You don't owe her, but I get you want to help and don't want to make it difficult for the children who are innocent in it. As a single mum myself I'll take all the help I can get, but I'd be giving you money for fuel and inviting you over for the party because you make my life so much easier with your kindness.

DuesToTheDirt · 19/12/2024 19:31

I'm rather puzzled by the fact that she has no other means of getting her children to school. How old are the kids? Has this arrangement always been in place? Did you know each other before the kids started at the school? What would she do if your husband got a different job/fell ill/moved house? So many questions.

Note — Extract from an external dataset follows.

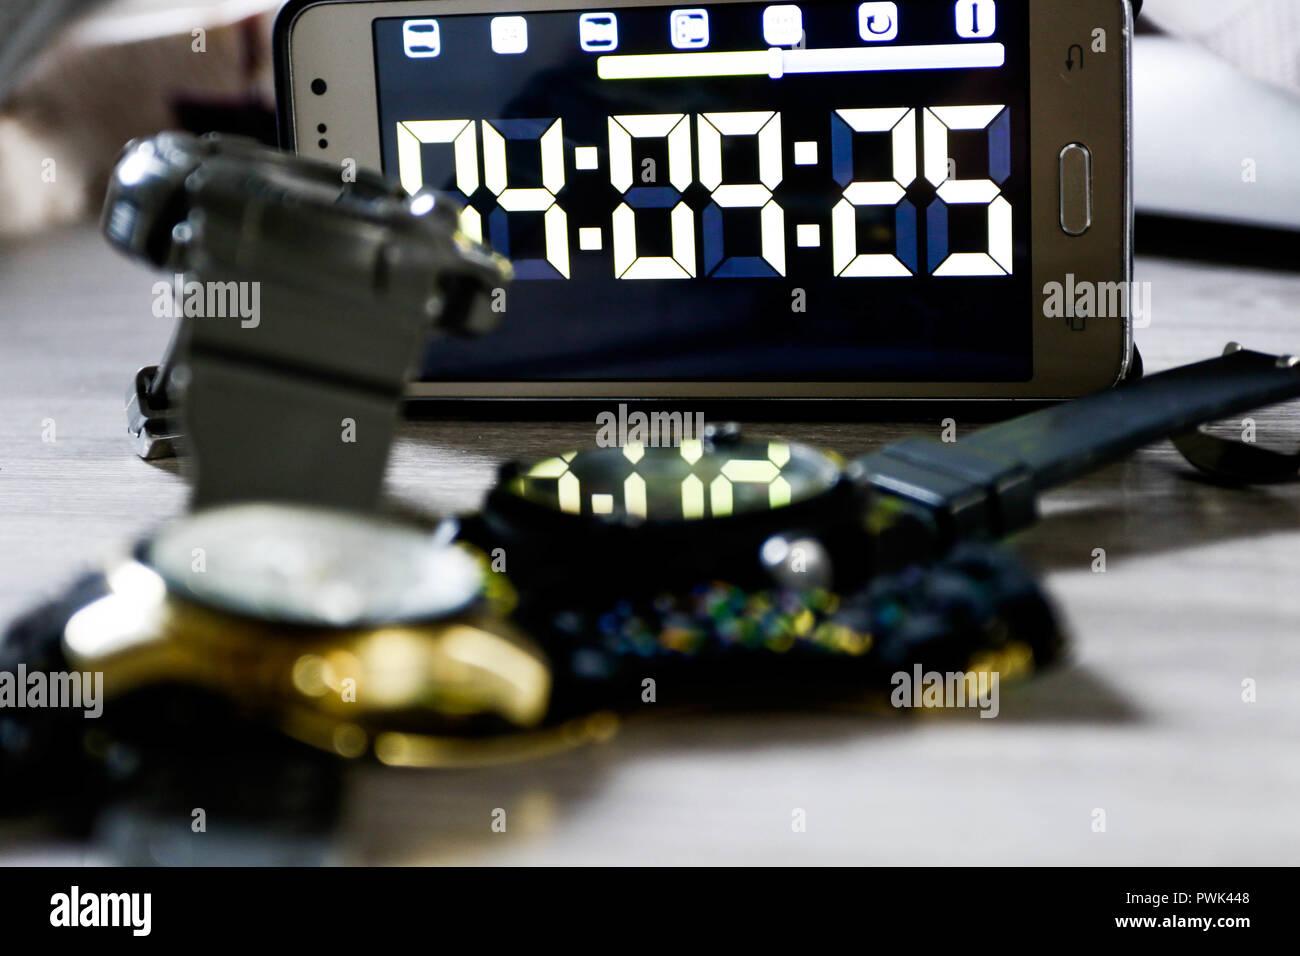 SÃO PAULO, SP - 16.10.2018: GOVERNO ALTERA INÍCIO ¿HORÁRIO DE VERÃO - El gobierno decide mantener la fecha de inicio del horario de verano para el 4 de noviembre, el mismo día que el Enem pruebas, y afirma que en aras de la seguridad jurídica, dado el decreto ya publicado. (Foto: Aloisio Mauricio/Fotoarena) Imagen De Stock

Gremlins101 · 19/12/2024 19:32

Your friend sounds like a bit of a user. She should have invited your kids to the party!! Two extra kids at a party.... in exchange for a taxi service every morning. What a cheap skate.

Zwellers · 19/12/2024 19:33

So your dc are not close enough friend to come to the party, but yet your friends happy for her kids to be taxied to school each day with these not close children. She's using you. Her kids are not your problem. Your husband is right.

Jumpingthruhoops · 19/12/2024 19:33

Owlsz · 19/12/2024 16:11

DH takes and collects my friend's 2 children to school every day, as well as our two. We live a 20 minute drive from the school and it's on the way to DH's work.

My friend's child is having a birthday party but hasn't invited my DC despite being in the same year group at school. I don't see any problem with this as they have different friendship groups and my friend is inviting a limited number of children because of the cost of the event. My DC has indicated they would have liked to attend but understand why they weren't invited.

DH does have an issue with this and is refusing to take my friend's DC to and from school, starting from the next year, calling the non- invitation an insult. He is also grieved at my friend's attitude, so is probably using this as an excuse.

I've pushed him to reconsider but he has refused.

I cannot take the children to school as I'm at work. My friend has no other means of transport, there is no one near her that is travelling in the same direction.

Not petty at all. Sorry but I'm with your DH - your friend's kids see yours EVERY single day... TWICE! Yet, they have a party and your DC aren't worth an invite!? YES, It's a massive insult!

And as for 'friend is inviting a limited number of children because of the cost of the event' - I'm assuming she hasn't been giving your DH petrol money?

BeLilacSloth · 19/12/2024 19:33

Absolutely team husband! Seems like a proper, involved dad caring about his kids feelings so much!